Some organ-size regulators are characterized in plants5,13,32,33. However, few were proven to be involved in the natural variation of the size of certain organs. Several of the resolved loci alter the encoded protein sequence, thus, either the protein is functionally altered, or it becomes non-functional, and the resulting allelic polymorphisms can explain the origin of natural variation34,35,36,37,38,39,40,41. Nonetheless, substantial natural variation exists in gene expression within and among natural populations, and this quantitative variation is also important in the evolution of natural variation36,42. We comprehensively evaluated the role of the POS1 sequence variation in the observed variations of reproductive organ size.

Regulatory variation at POS1 correlates to organ sizes

Variation in the coding region of a gene is often associated with functional divergence. To evaluate this, we sequenced the POS1 cDNA from tomatillos, and found that the 37 sequences obtained shared 81.4% identity with nucleotides and 81.2% identity with their encoded proteins. Multiple protein alignments revealed 244 polymorphisms (Supplementary Fig. 19). Among these sites, 14 were detected to correlate to size variation in one or two traits of flower size, fruit weight and 100-seed weight; however, only one site (position 401) was significantly associated with the size co-variation of the three quantitative traits (P≤0.04, Supplementary Table 4). The evolutionary role of the protein sequence divergence needs further investigation. However, similar observations of organ-size variation in our transgenic Physalis (P106) analyses with different POS1 alleles suggested that POS1 proteins might have maintained a similar function during evolution. Therefore, altering POS1 expression might be key to the evolution of diversities in reproductive organ size in tomatillos.

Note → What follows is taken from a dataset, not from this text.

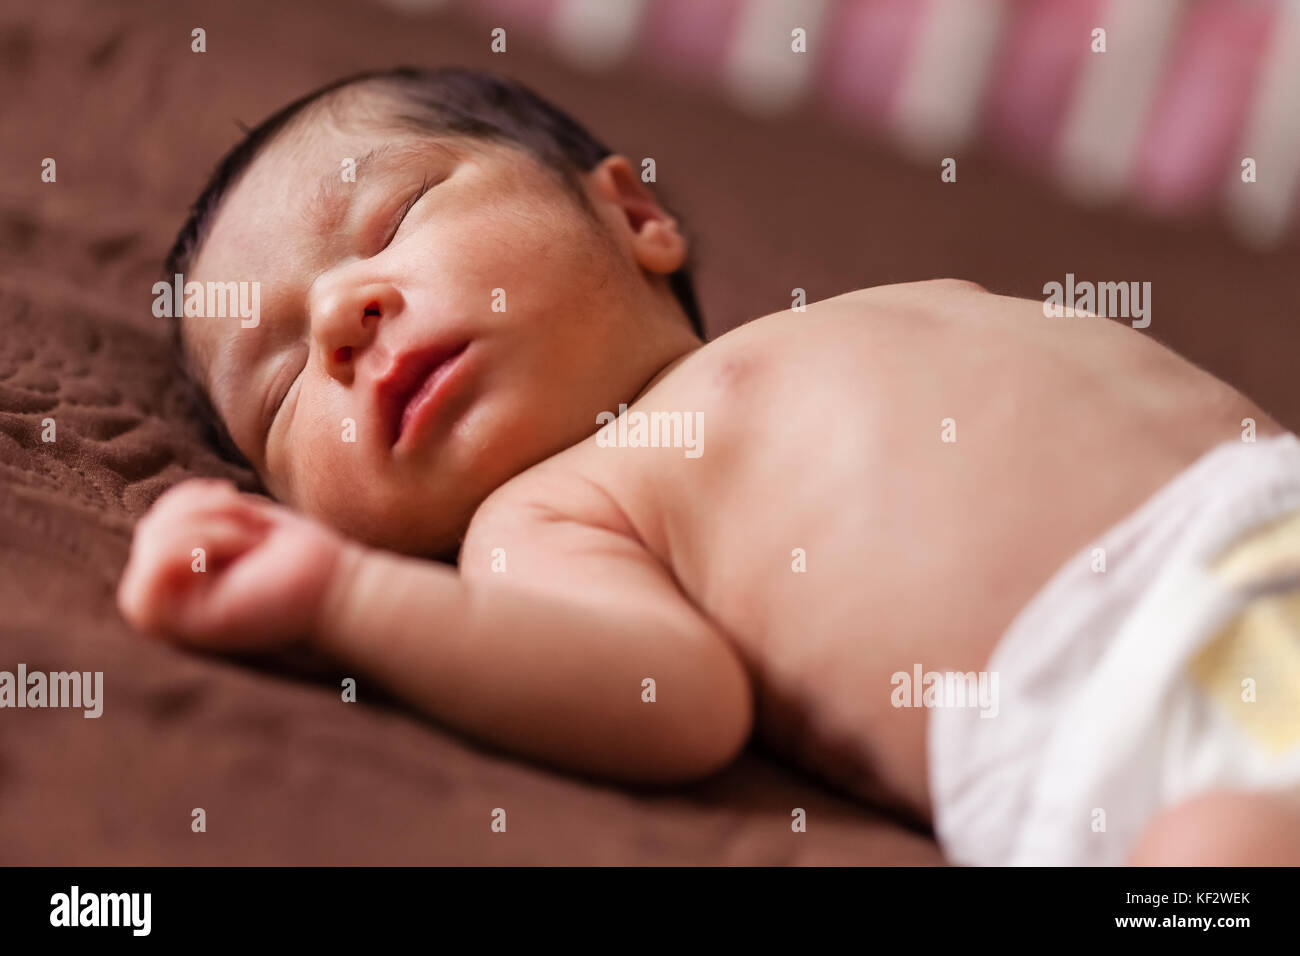 Une mignonne de deux semaines nouveau-né bébé fille sans vêtements, nu ou nu en utilisant un couches ou de couches, dormir paisiblement dans le lit / nouveau-né bébé fille sommeil Banque D'Images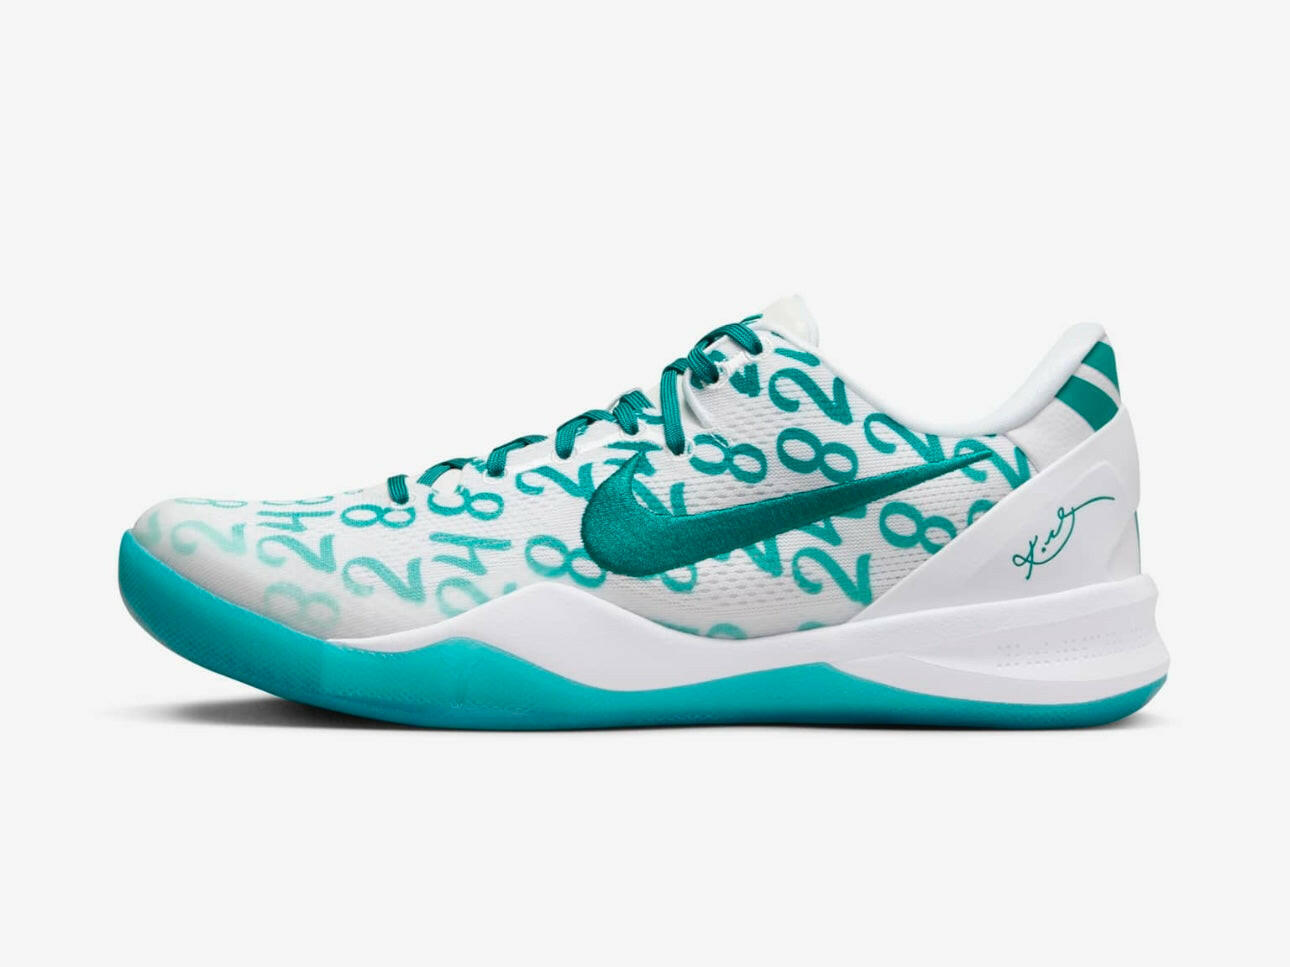 Kobe 8 Protro White 'Radiant Emerald' Basketball Shoes for Men

Recruitment of a POS1 function for reproductive organ size in tomatillos might have occurred in response to mutations in a trans-acting regulator or to changes in the cis-regulatory elements of the POS1 gene itself. Association analyses in the F2 population suggested that a local cis-regulatory element might control POS1 expression. Therefore, we sequenced the POS1 genes from all tomatillo accessions. Gene structure of intron–exon arrangement was found to be quite conserved as shown for POS1-P58, POS1-P64 and POS1-P59 (Fig. 6a); however, the POS1 sequences of tomatillos could be divided into three subgroups, corresponding exactly to the three groups defined for different reproductive organ sizes (Fig. 6b,c). Like cDNA (exons), the promoters and the second introns among these accessions shared a relatively high identity while the first intron from different accessions had a 49.38% identity in sequences (Fig. 6b). The exons and the second intron sequences could not differentiate the population (Supplementary Fig. 20a,c); however, both promoters and the first introns could do so as could the whole-gene sequences (Fig. 6c; Supplementary Fig. 20b,d). Furthermore, FST values of both promoter and the first intron instead of the exons and the second intron suggests a complete differentiation of the tomatillo population structure (Fig. 6d) that precisely corresponds to the three different size groups (Fig. 1; Supplementary Table 1). Regulatory alterations in a pre-existing gene play an important role in the evolution of phenotypic variations. Thus, the regulatory variations in the POS1 alleles leading to different expression levels affect the natural variations in the size of reproductive organs.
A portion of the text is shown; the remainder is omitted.